◆ RECORDS
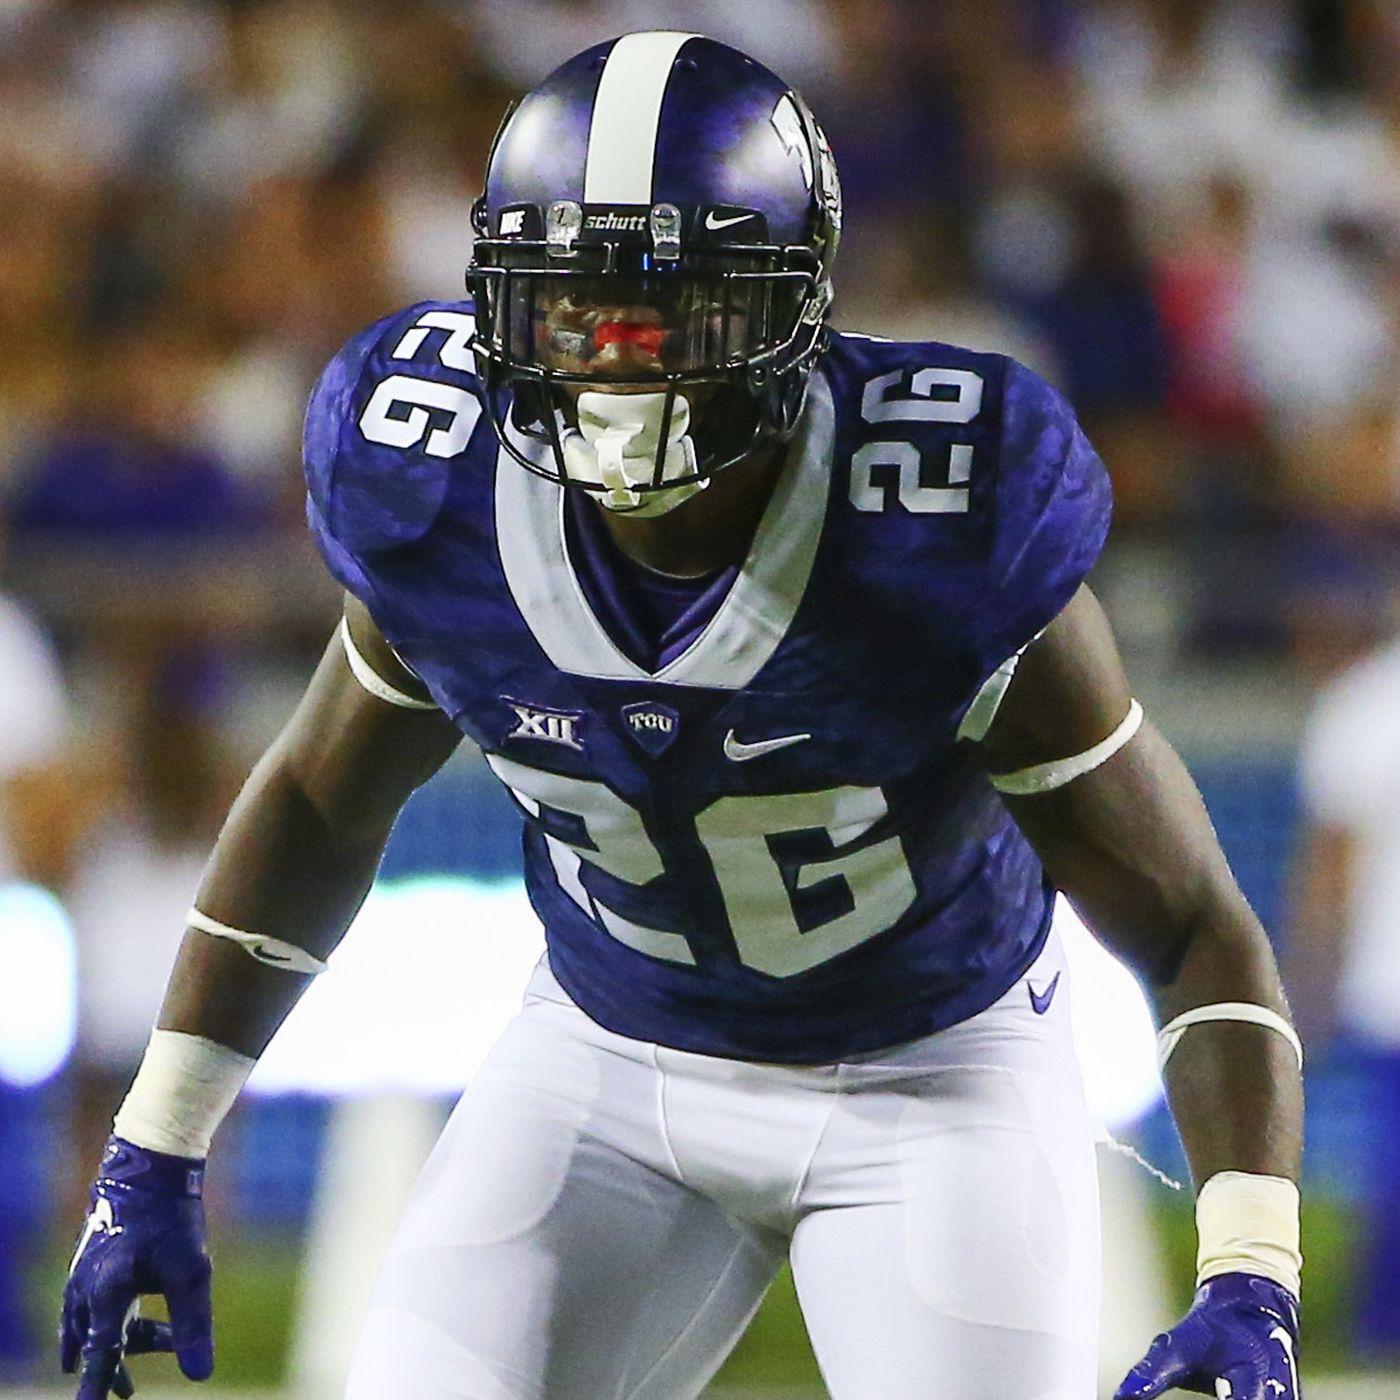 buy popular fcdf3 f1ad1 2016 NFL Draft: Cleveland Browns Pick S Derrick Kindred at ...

...

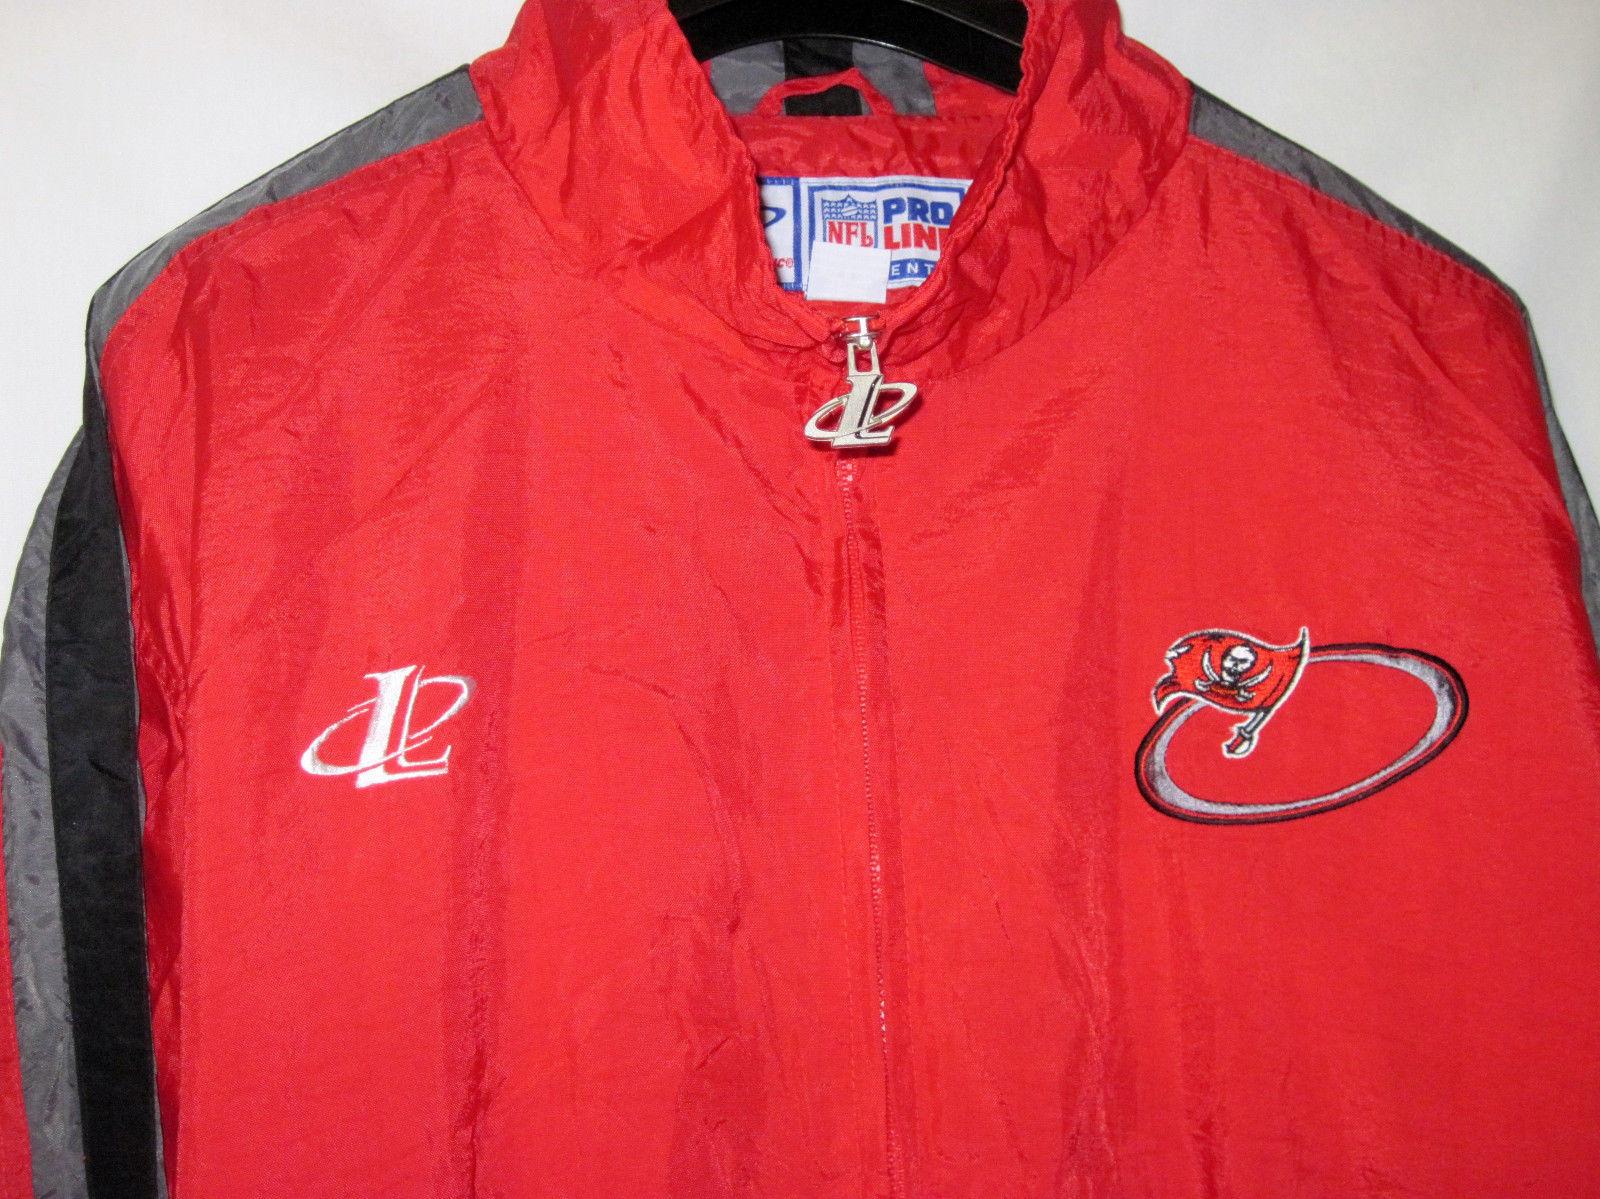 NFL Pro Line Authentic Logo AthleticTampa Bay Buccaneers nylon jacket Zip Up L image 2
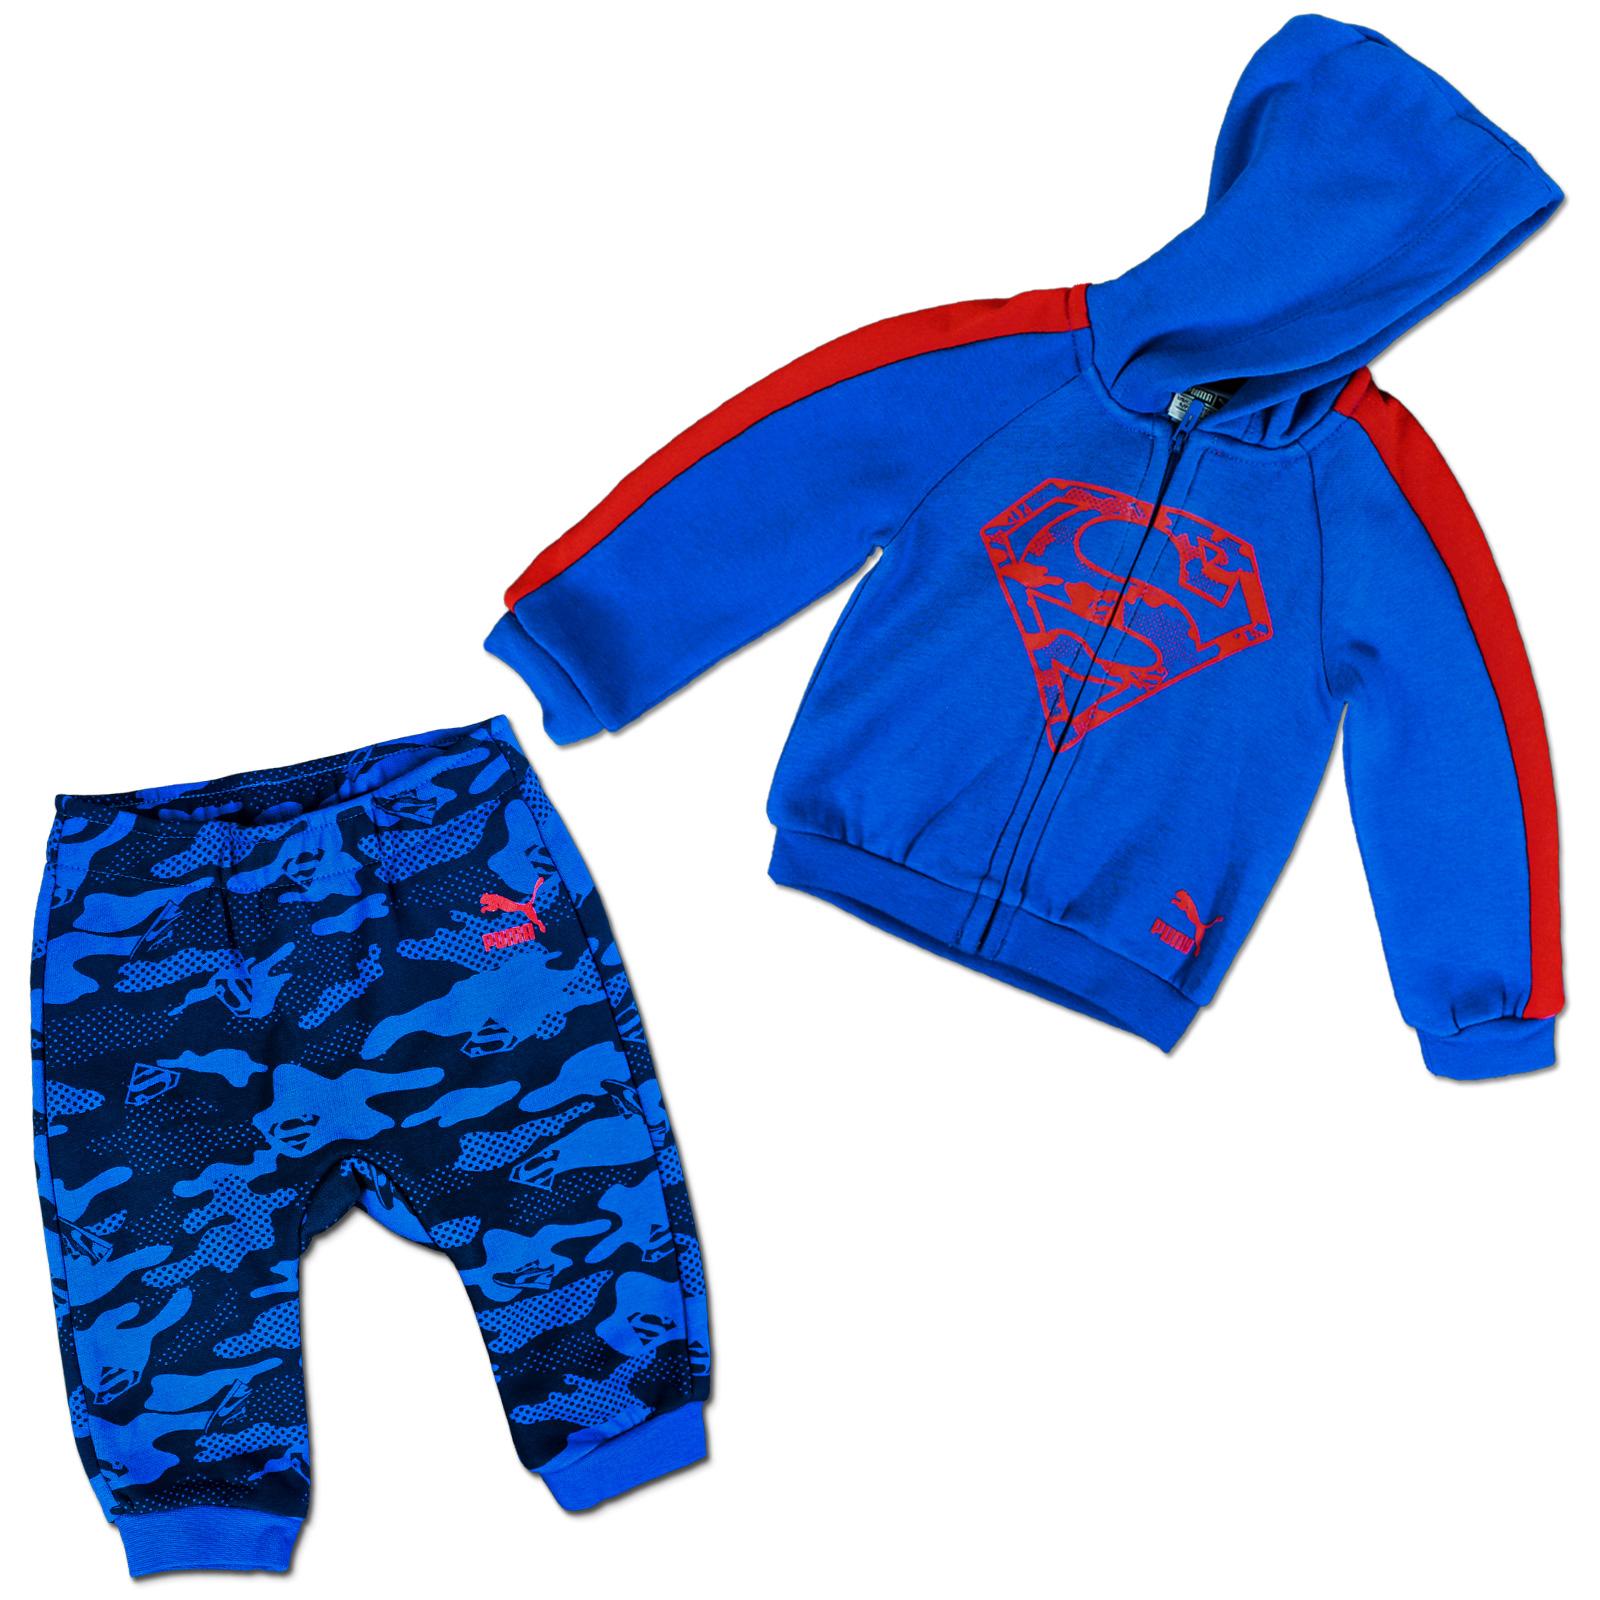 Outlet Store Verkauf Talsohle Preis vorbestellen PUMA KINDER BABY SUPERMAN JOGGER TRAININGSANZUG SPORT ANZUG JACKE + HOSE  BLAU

◆ EXERCISE GOAL
Using the data above, retype exactly the lines from the line with "NFL Pro Line" to the line with "Outlet Store Verkauf", inclusive. No pictures and nothing else.

◆ EXERCISE ANSWER
 NFL Pro Line Authentic Logo AthleticTampa Bay Buccaneers nylon jacket Zip Up L image 2
 Outlet Store Verkauf Talsohle Preis vorbestellen PUMA KINDER BABY SUPERMAN JOGGER TRAININGSANZUG SPORT ANZUG JACKE + HOSE  BLAU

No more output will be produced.